* [What you should do]: For the entries below, the expected answer is the line with "Bananenschale auf der", the line with "Development and Productivity", and every line between them, exactly as written, and nothing more.

* [Dataset extract]:
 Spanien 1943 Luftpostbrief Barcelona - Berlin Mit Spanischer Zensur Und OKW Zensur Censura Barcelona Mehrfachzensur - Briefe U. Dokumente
---
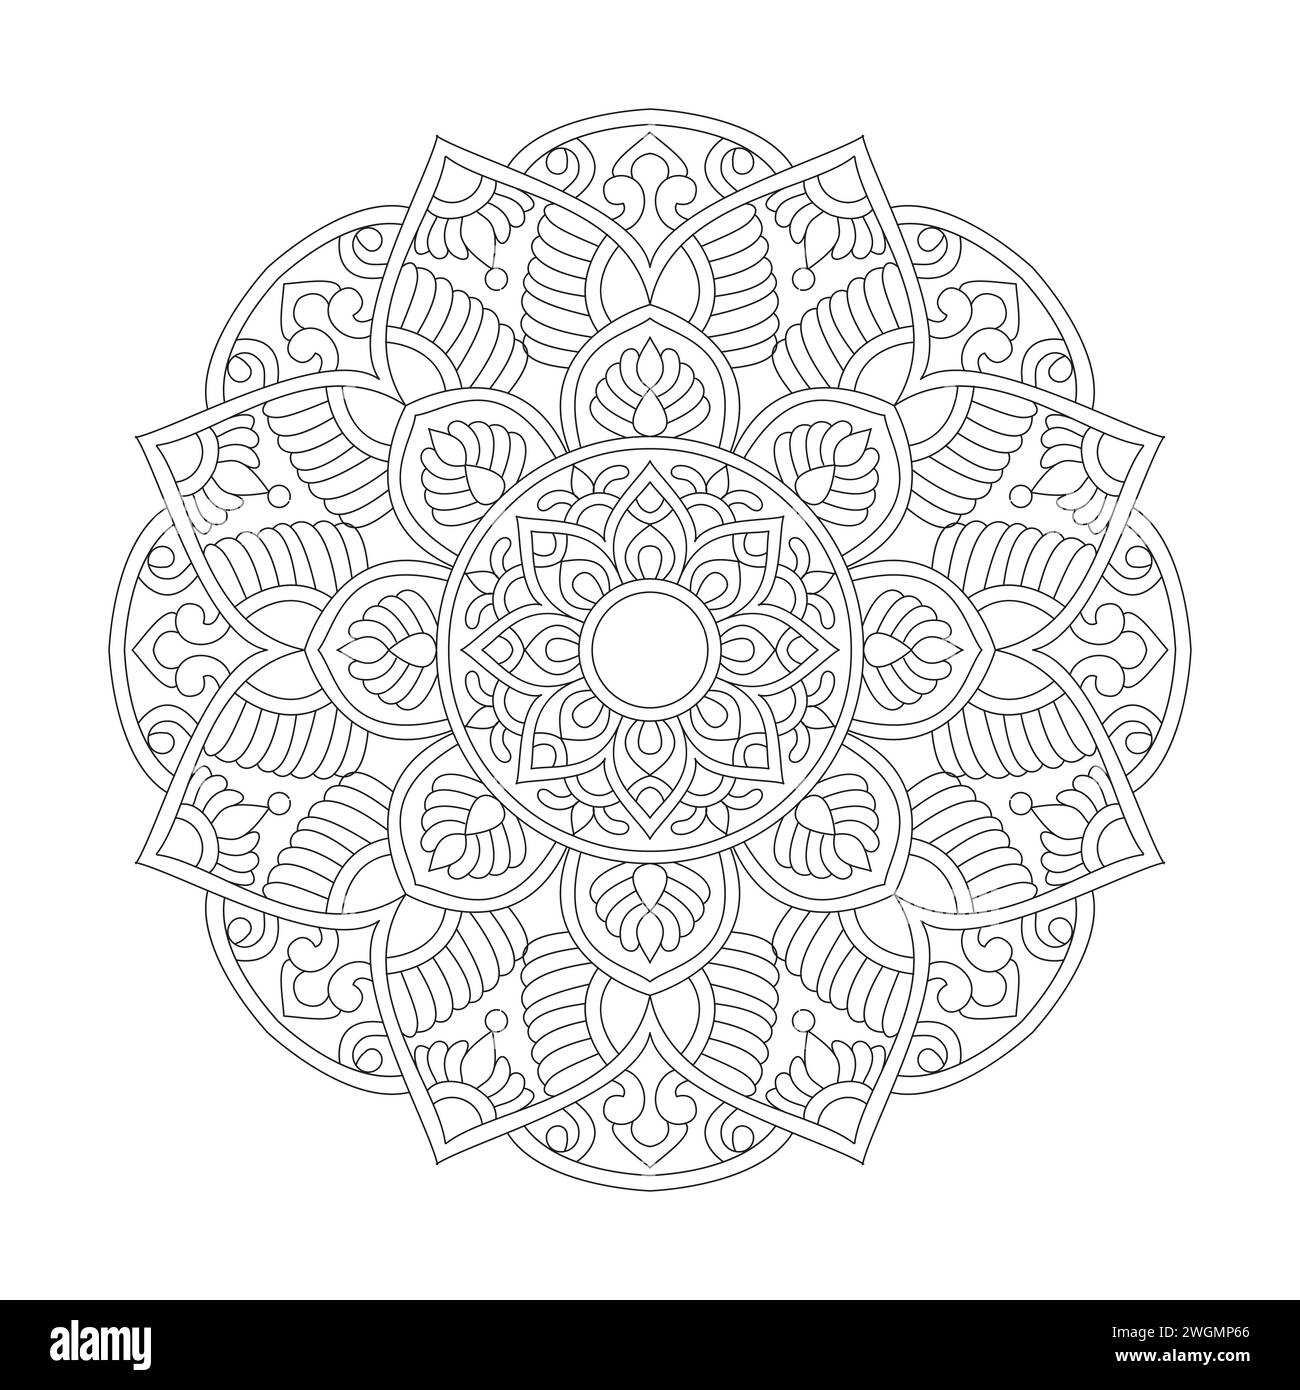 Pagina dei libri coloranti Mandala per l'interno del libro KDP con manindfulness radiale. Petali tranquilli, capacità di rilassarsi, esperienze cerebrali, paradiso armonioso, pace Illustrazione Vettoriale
---
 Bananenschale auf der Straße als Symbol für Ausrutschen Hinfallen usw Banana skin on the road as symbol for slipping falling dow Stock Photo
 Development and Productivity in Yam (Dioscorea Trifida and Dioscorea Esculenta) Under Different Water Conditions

* [Answer below]:
 Bananenschale auf der Straße als Symbol für Ausrutschen Hinfallen usw Banana skin on the road as symbol for slipping falling dow Stock Photo
 Development and Productivity in Yam (Dioscorea Trifida and Dioscorea Esculenta) Under Different Water Conditions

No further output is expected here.